Serial Numbers
In the factory of ACM Computerized Manufacturing Ltd. (ACM Ltd.), items are manufactured in assembly lines and are given imprinted serial numbers to distinguish them from one another. The serial numbers are generated by a special kind of simplistic multi-function counter machine which generates serial number sequentially in increasing order (1, 2, 3, and so on).
As the counter machine has multiple functions embedded in its simple design, some substrings are reserved as op-codes command which must not be presented in the machine's serial number output. For example if 23 is a command op-code, then 23 must not be presented in the substring of a serial number - assuming there is no other command op-code, the number sequence would go like this: 1, 2, 3, ..., 21, 22, 24, 25, ..., 121, 122, 124, 125, ..., 228, 229, 240, 241, 242, ....

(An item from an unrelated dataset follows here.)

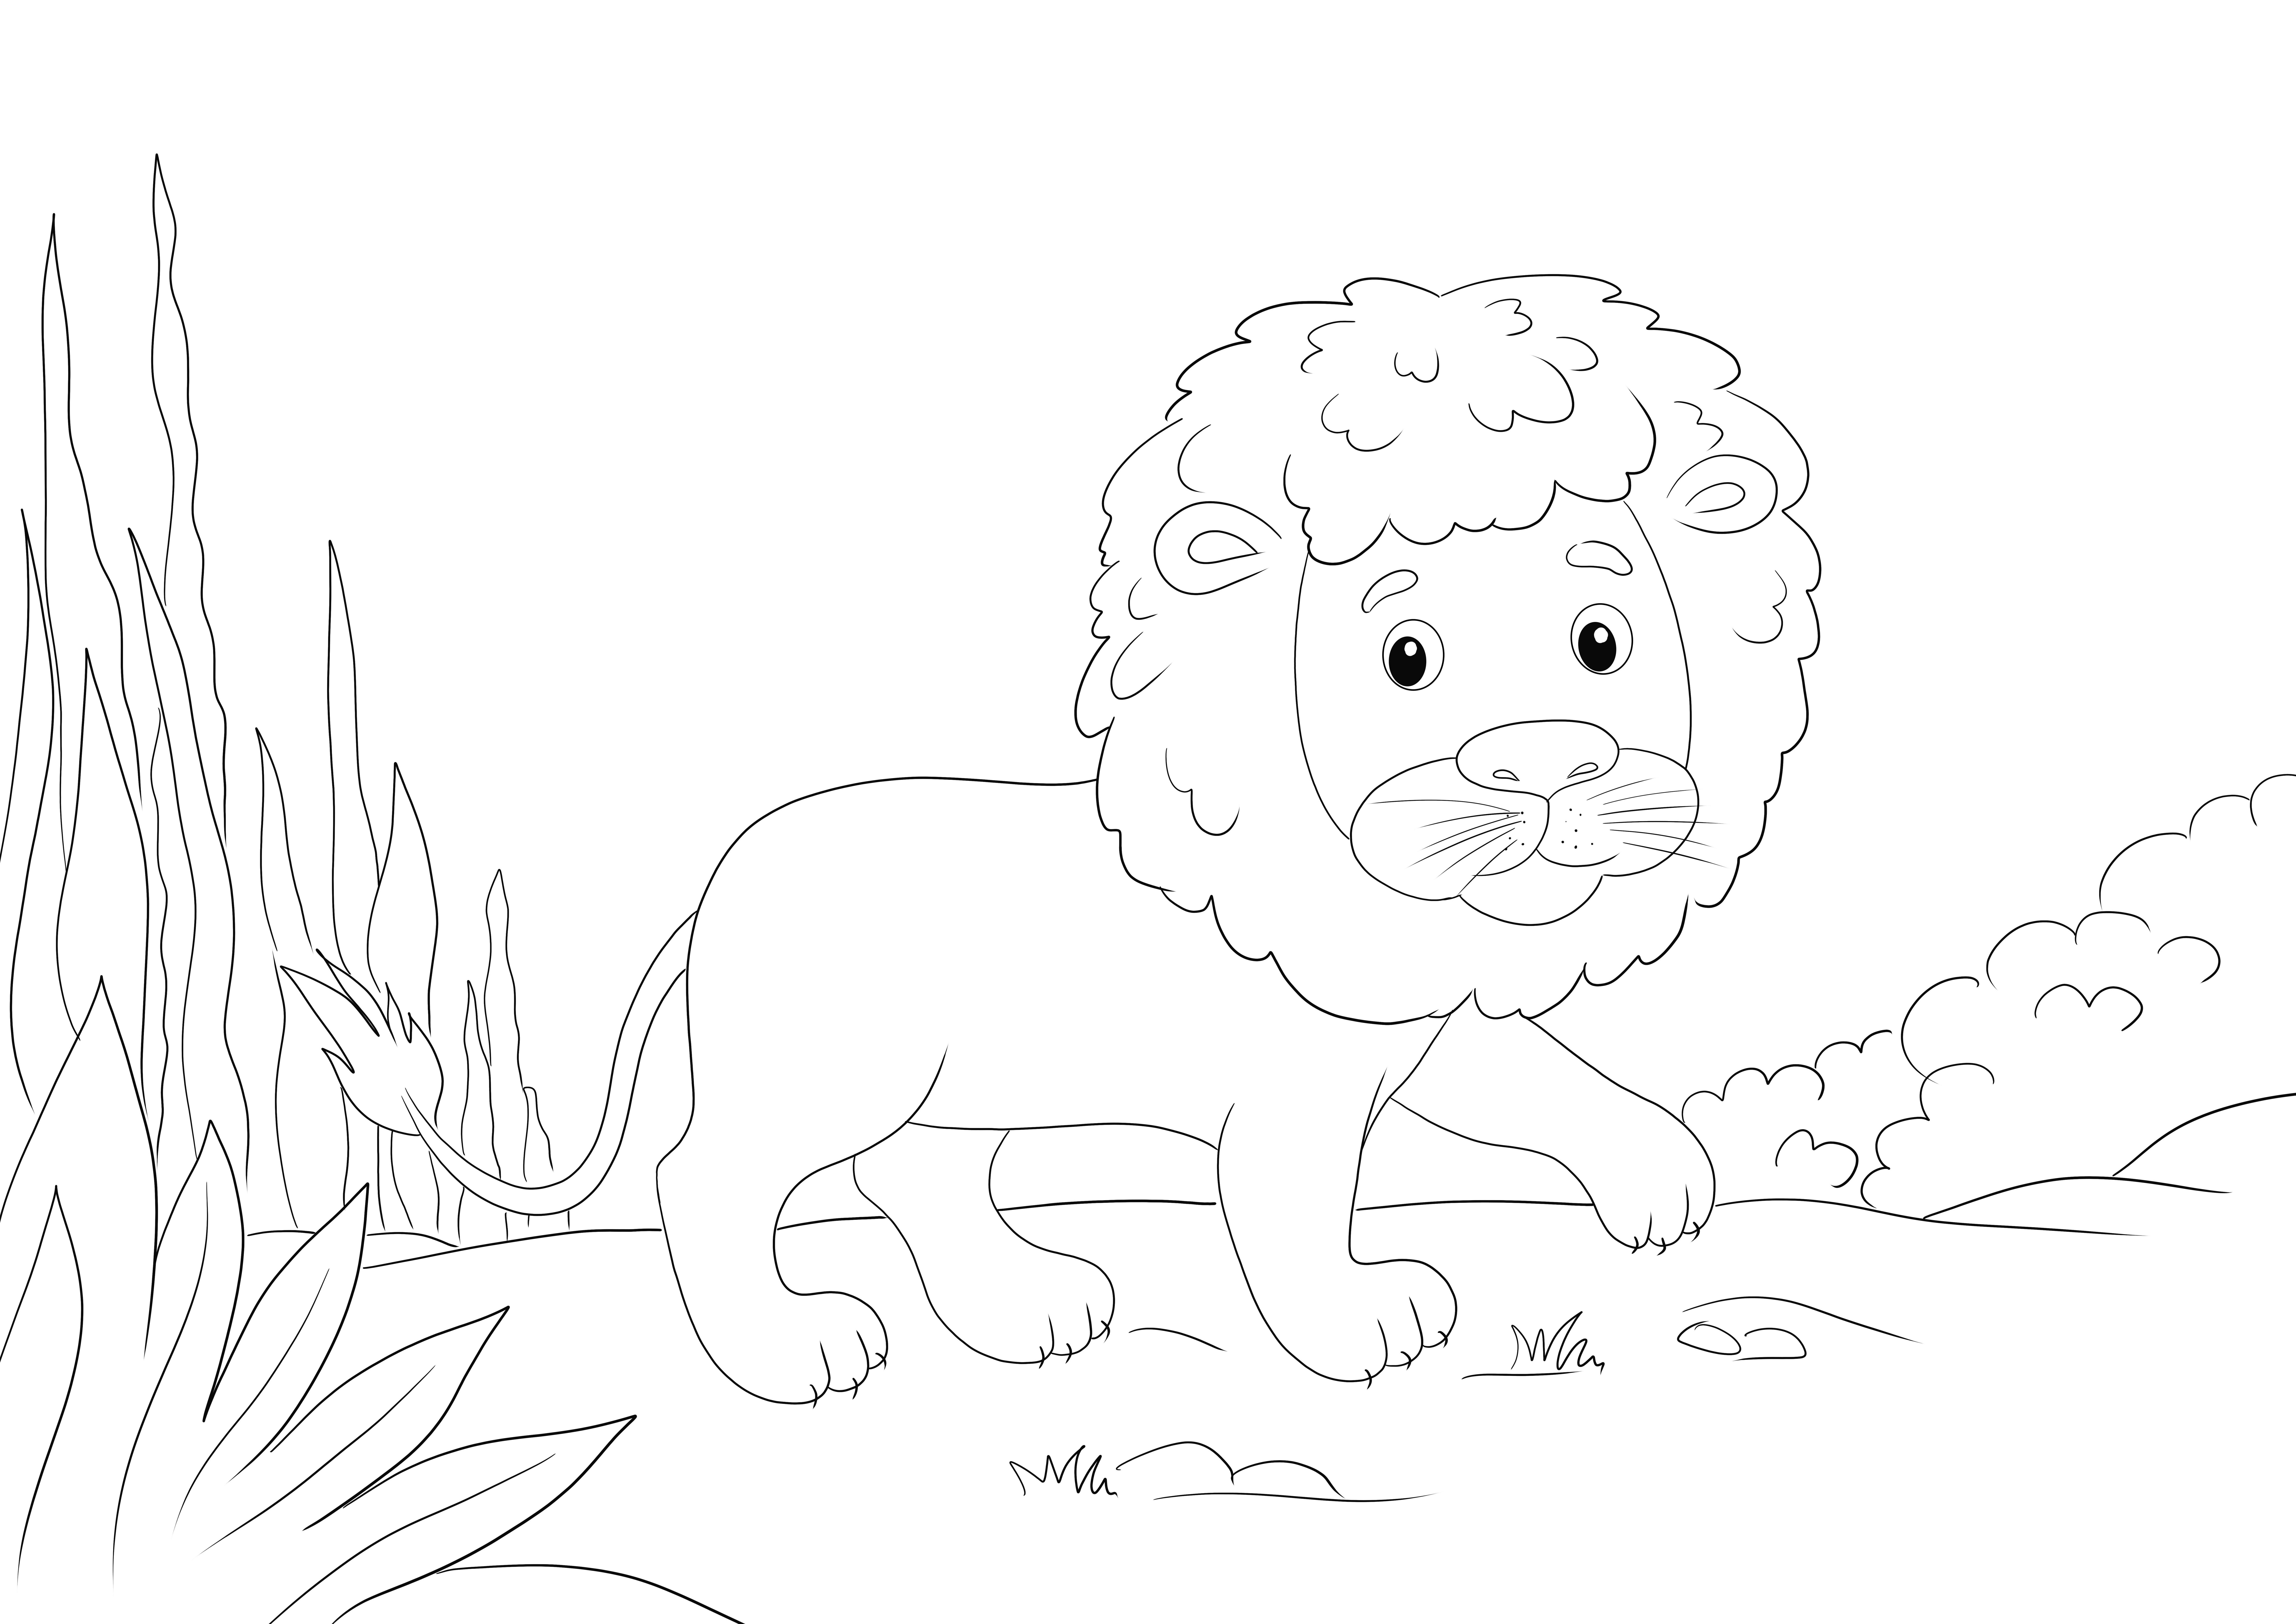 Een schattige leeuw die door de wildernis loopt, is klaar om bedrukt en gekleurd te worden kleurplaat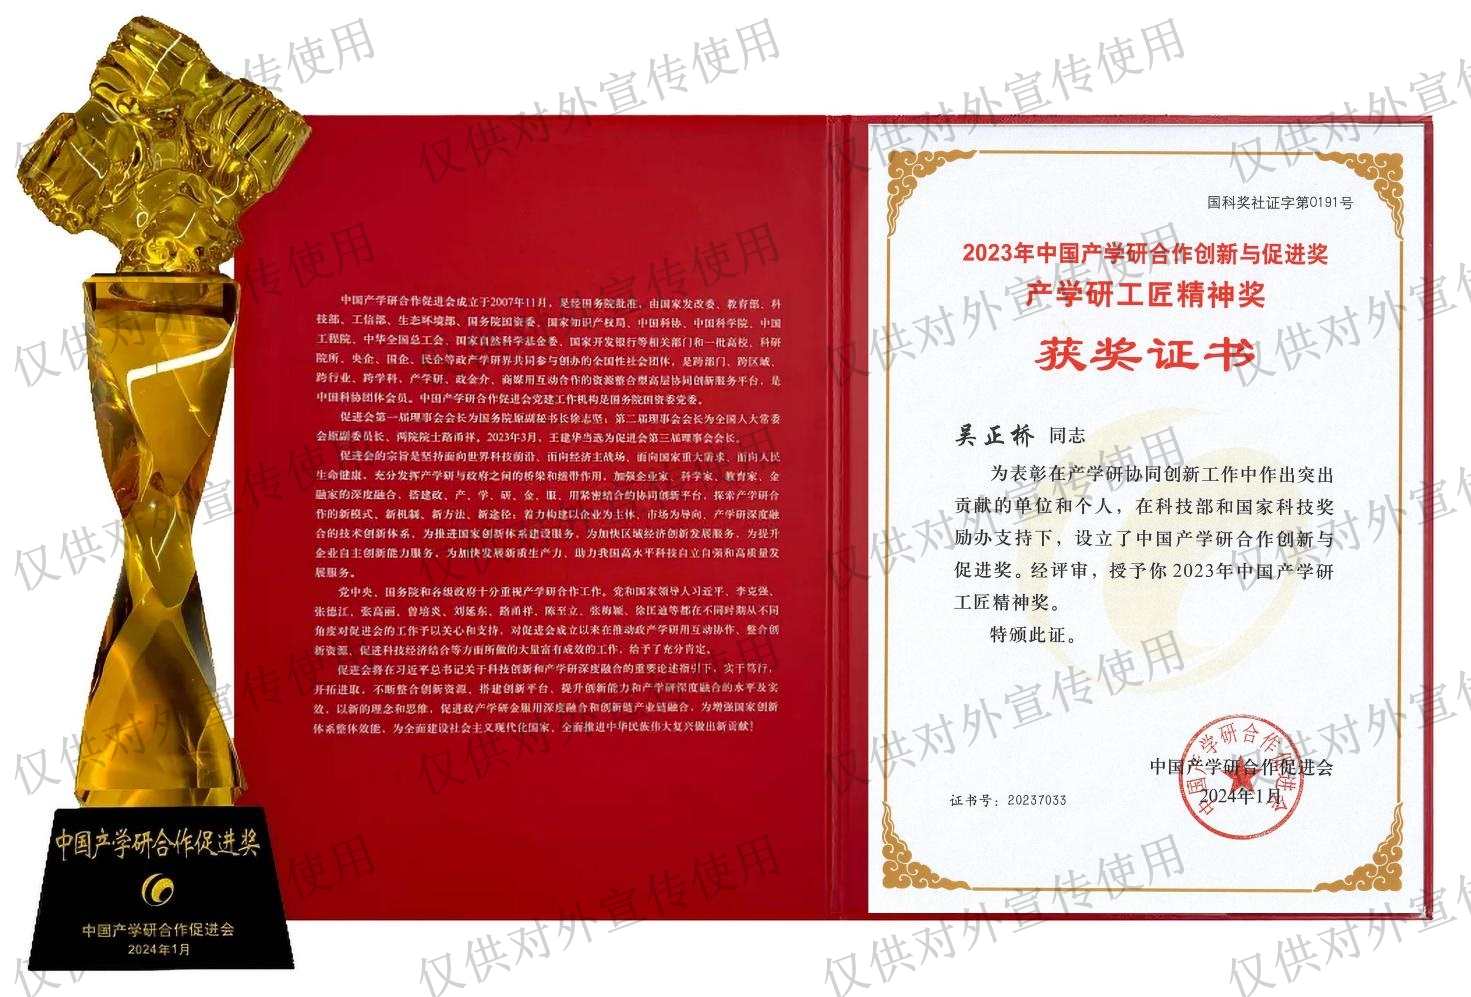 吴正桥获中国产学研合作创新与促进奖

This result in serial number that is different from the actual production batch number recorded in the system. The system does not map the relationship between both numbers and/or record exact serial numbers for each item, this may cause problems when an individual item needs to be tracked (e.g. for a recall or inspection). Given the production batch number of an item, your task is to determine the serial number for that item.
Input
The first line of input contains an integer T (T ≤ 100) denoting the number of testcases. Each testcase begins with an integer K (1 ≤ K ≤ 10) the number of op-codes in the counter machine, followed by K integers (1 to 10 digits, with leading zeroes preserved) representing each op-codes.
The second line contains an integer N (1 ≤ N ≤ 100) the number of requested production batch number, followed by N integers representing each production batch number.
Output
For each testcase, print N integers the serial numbers of corresponding production batch number. Two adjacent integers are separated by a single space. You may assume that these numbers are fit in signed 32-bit integer.